Toward Self-Authoring Software Systems
The Autonomaton pronounced auto-NAHM-uh-tawn · /ɔːˈtɒnəmətɒn/ is a self-authoring engine: it converts metered cloud dependencies into permanent, zero-marginal-cost institutional assets that get smarter, cheaper, and more private with every human interaction.
Three files and a loop. A routing config, a zones schema, a structured telemetry log, and a pipeline that traverses them in order. That is the entire architecture. Everything else is implication.
The dominant paradigm for AI-assisted software is reactive. You ask. It answers. The session ends. Nothing is retained. Nothing is learned. The next session starts from zero.
This is not a limitation of the models. It is a limitation of the architecture. The models are capable of pattern recognition, context assembly, and nuanced classification. But the systems built around them treat every interaction as independent—a stateless request-response cycle with no memory, no governance, and no mechanism for improvement.
The consequences are structural:
No learning. The system cannot distinguish a request it has seen a hundred times from one it has never seen. Every query pays full inference cost regardless of novelty. Institutional knowledge evaporates between sessions.
No governance. There is no architectural distinction between a routine task and a high-stakes decision. The system treats “rename this file” and “restructure this database” with identical authority. Risk classification is absent, not because it’s impossible, but because no standard architecture requires it.
No sovereignty. The behavioral intelligence the system accumulates—your patterns, your preferences, your decision-making cadence—lives inside the provider’s infrastructure. You cannot inspect it, export it, or take it with you.
The Autonomaton is a self-authoring engine: it converts metered cloud dependencies into permanent, zero-marginal-cost institutional assets that get smarter, cheaper, and more private with use.
A model-agnostic, five-stage invariant pipeline that decouples business logic from the LLM provider.

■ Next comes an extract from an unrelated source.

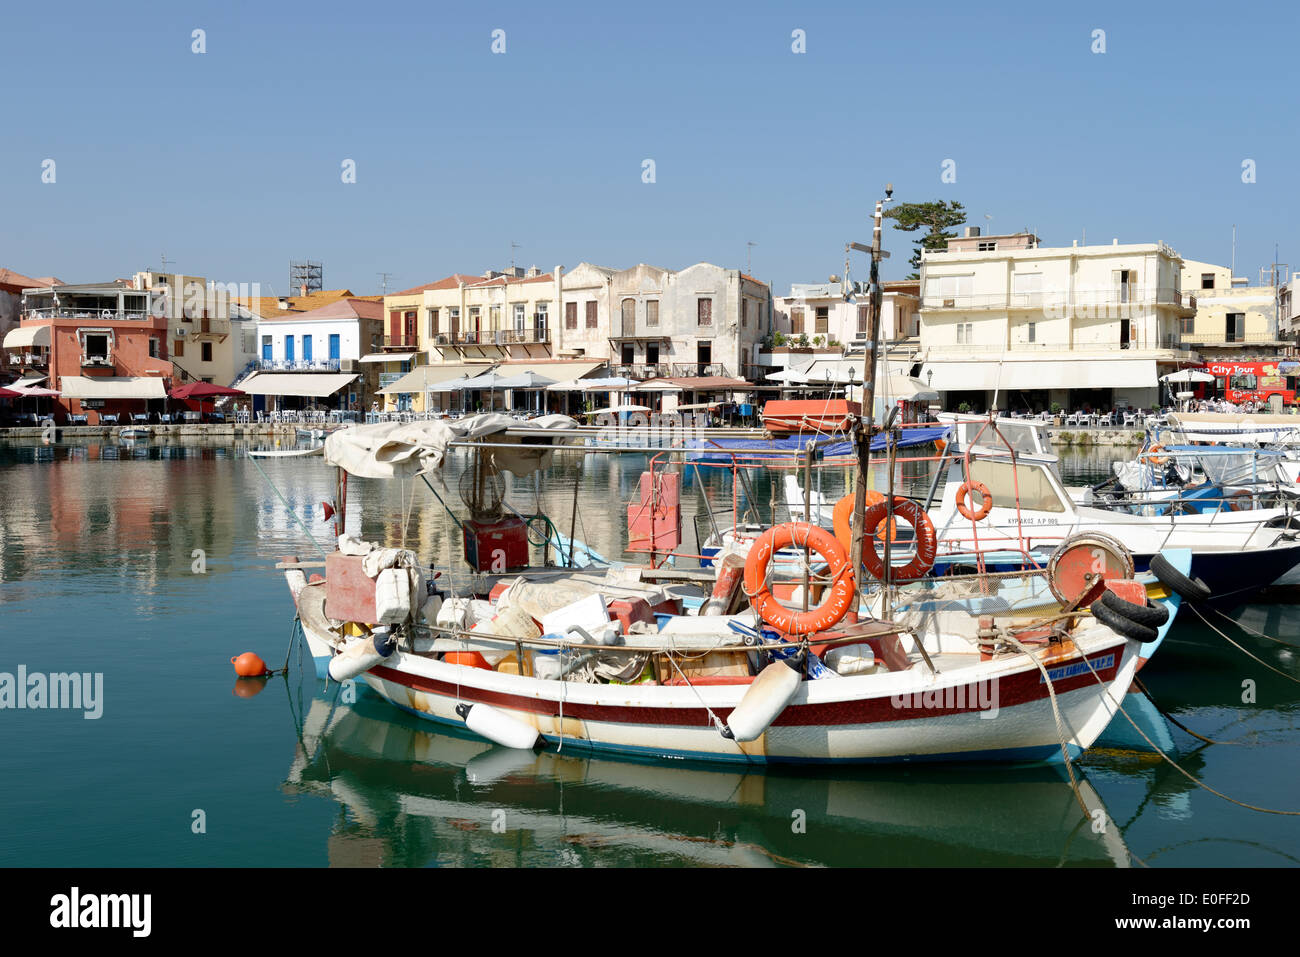 Les bateaux de pêche amarrés dans le pittoresque port vénitien de Rethymnon, la 3ème plus grande ville de l'île grecque de Crète. Banque D'Images

Observation → Human Approval → Local YAML Asset. As the system “learns” your team’s judgment patterns, it authors its own deterministic code.
The Cognitive Router demotes expensive frontier calls (T3) to local, deterministic rules (T0) as patterns confirm. Your ROI compounds as your API costs collapse.
Governance is portable and auditable. Change system behavior via YAML files—no vendor re-training or deep-stack development required.
The CIO Stake: Centralized AI is a 100% depreciating OpEx. The Autonomaton creates Non-Depreciating IP the operator owns and compounds across providers, regardless of which model provider wins the scale war.
The Autonomaton Pattern is not novel. It is a synthesis of established ideas from computer science, industrial engineering, and the PC revolution’s deepest architectural insight: that coherent products are expressions of coherent worldviews.
The generation that built the personal computer treated product architecture as the embodiment of a worldview. Wigginton, Kare, Mok, Atkinson—design as philosophy expressed through constraint. The Macintosh was not a collection of features; it was a coherent set of structural commitments. Industry attention shifted to platform scale and that mode of architectural authorship became uncommon. The Autonomaton Pattern returns to it deliberately.
Every Autonomaton instance traverses the same five stages, regardless of domain, model, or provider. The pipeline is not a suggestion. It is an invariant. Nothing runs alongside it. No sub-pipelines. No bypasses. No exceptions.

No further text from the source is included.